If you cut every pause, the viewer feels rushed. Keep micro-pauses that help comprehension.

Ignoring the hook

If the first sentence still starts slowly, your clip will underperform even if the rest is clean. Use a clear opening line that states the outcome.

If you want help generating hook options, use Script AI to produce variations you can test.

A repeatable filler-word cleanup checklist

  1. Upload to Cutsio
  2. Scan transcript for clusters (“um/uh/you know” bursts)
  3. Clean clusters first (highest ROI)
  4. Tighten dead air with Silent Slicer
  5. Review for rhythm and meaning
  6. Export to NLE for finishing if needed
  7. Save your settings as a preset so the next video is faster

Consistency is what makes you sound professional at scale.

FAQ

Will removing filler words make me sound unnatural?

Not if you preserve rhythm and keep intentional pauses.

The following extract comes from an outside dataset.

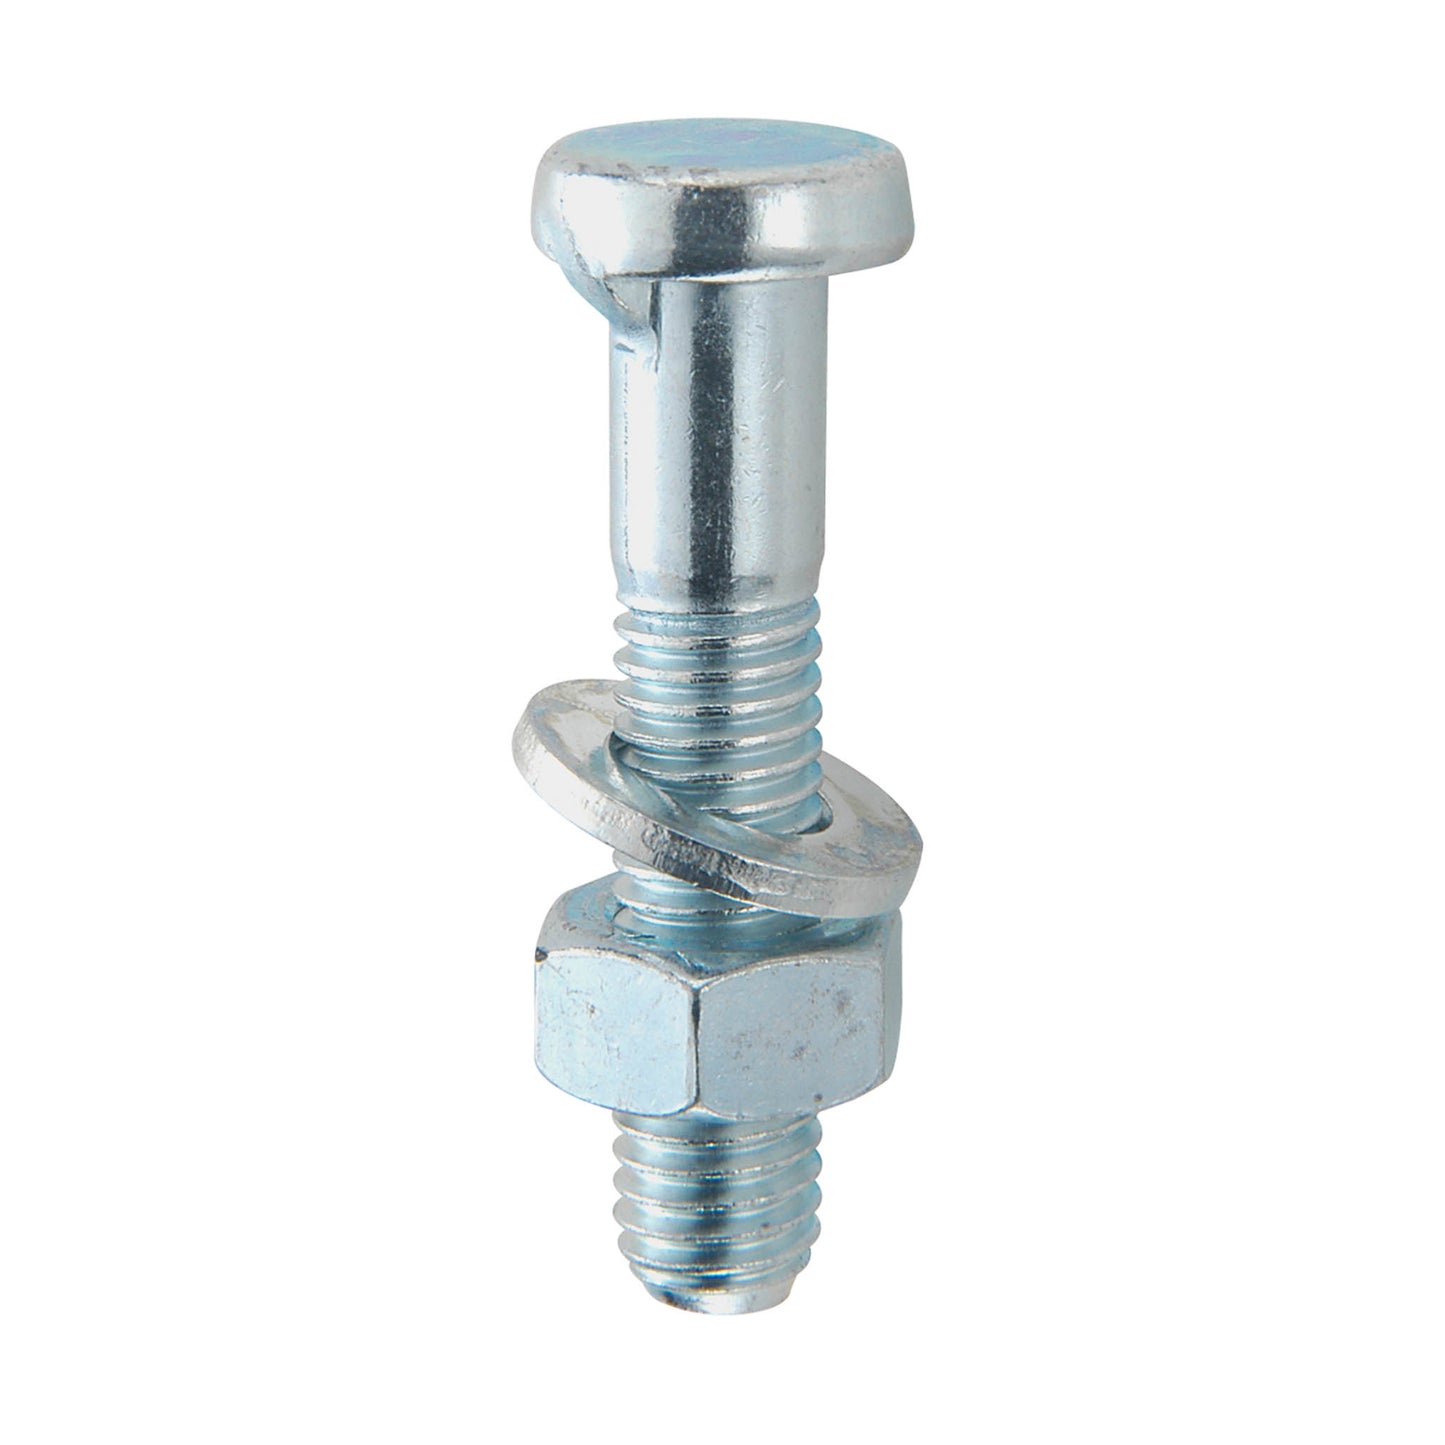 Handlebar and seat post clamping bolts M 8 x 35 set, galvanized steel

Remove filler clusters and long hesitation gaps, not every micro-pause.

What’s the fastest way to find filler words?

Use transcripts. Audio AI transcripts make filler visible so you can clean it systematically.

Should I remove every “like” and “so”?

No. Remove repetition and hesitation, not personality. Your goal is clarity, not robotic delivery.

Where does Cutsio fit in filler removal workflows?

Cutsio is the pre-edit layer: transcripts, semantic search, pacing cleanup with Silent Slicer, then export a clean timeline to your finishing editor.

What’s the best way to reduce filler words in future recordings?

Record in short sections, use an outline, pause silently instead of filling with “um,” and keep the goal of each segment clear.